8. Anti_Vowel


#1

Hi people, I'm stuck on this what I believe is some sort of syntax error as the Python version I'm used to has slightly different syntax.
Here is my code:

def anti_vowel(text):
    vowels = ["a", "i", "e", "o", "u", "A", "I", "E", "O", "U"]
    anti = []
    for i in text:
        if i in vowels:
            pass
        else:
            anti.append(i)
    return anti

and here is the error message:

Oops, try again. Your function fails on anti_vowel("Hey look Words!"). It returns "['H', 'y', ' ', 'l', 'k', ' ', 'W', 'r', 'd', 's', '!']" when it should return "Hy lk Wrds!".
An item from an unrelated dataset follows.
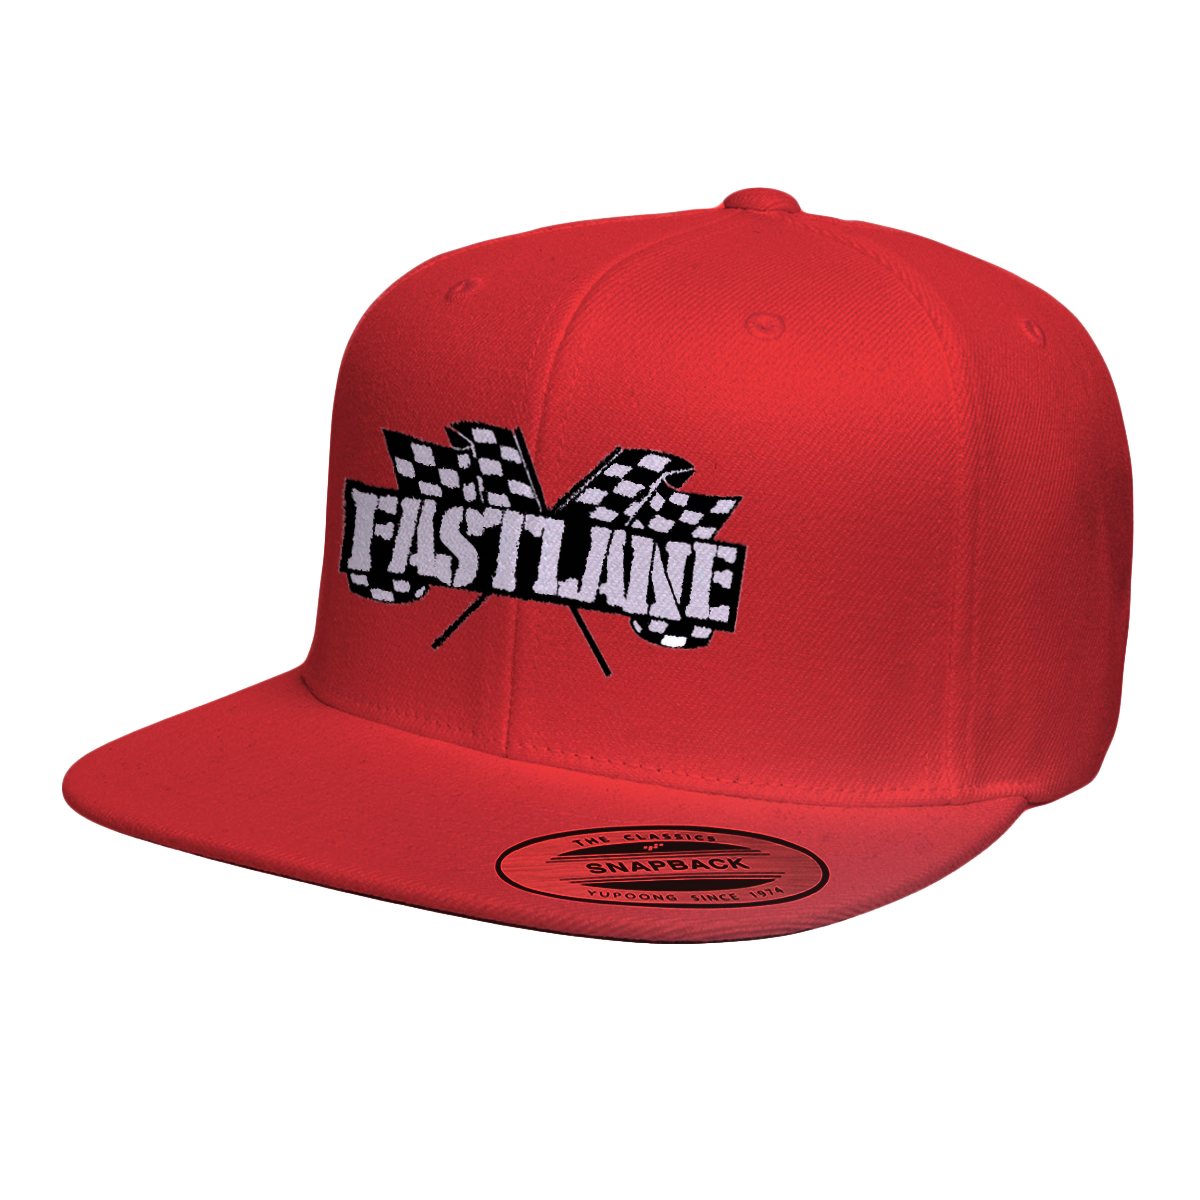 Fastlane Logo Snapback Hat

So any help regarding this error will be appreciated! Thanks


#2

you return a list, you should return a string. There are two things you can do, one change anti into a string:

anti = ""

and then append to the string:

anti += i

but this is an extensive operation,recommended is to use "".join() in your current code:

return "".join(anti)

join is a built in function, which joins a list into a string. the "" indicates what is used for the joining.


#3

Thanks for the reply! It worked out with the changing it into a string but can see how it can get extensive with longer codes/programs.The join function seems the more logical solution out of the two though.


#4

sorry, i should clarify. What i mean is that when using the first solution i showed you (with the string), you can't add to a string, a copy has to be made of the string each time. Which is not really nice for the performance of your program.

I said the join was the recommended method? Either way, good to hear you passed. also, you could use the not keyword:

if i not in vowels:

this means you don't need an else.


#5

I see, thanks for the feedback, really helped me!


#6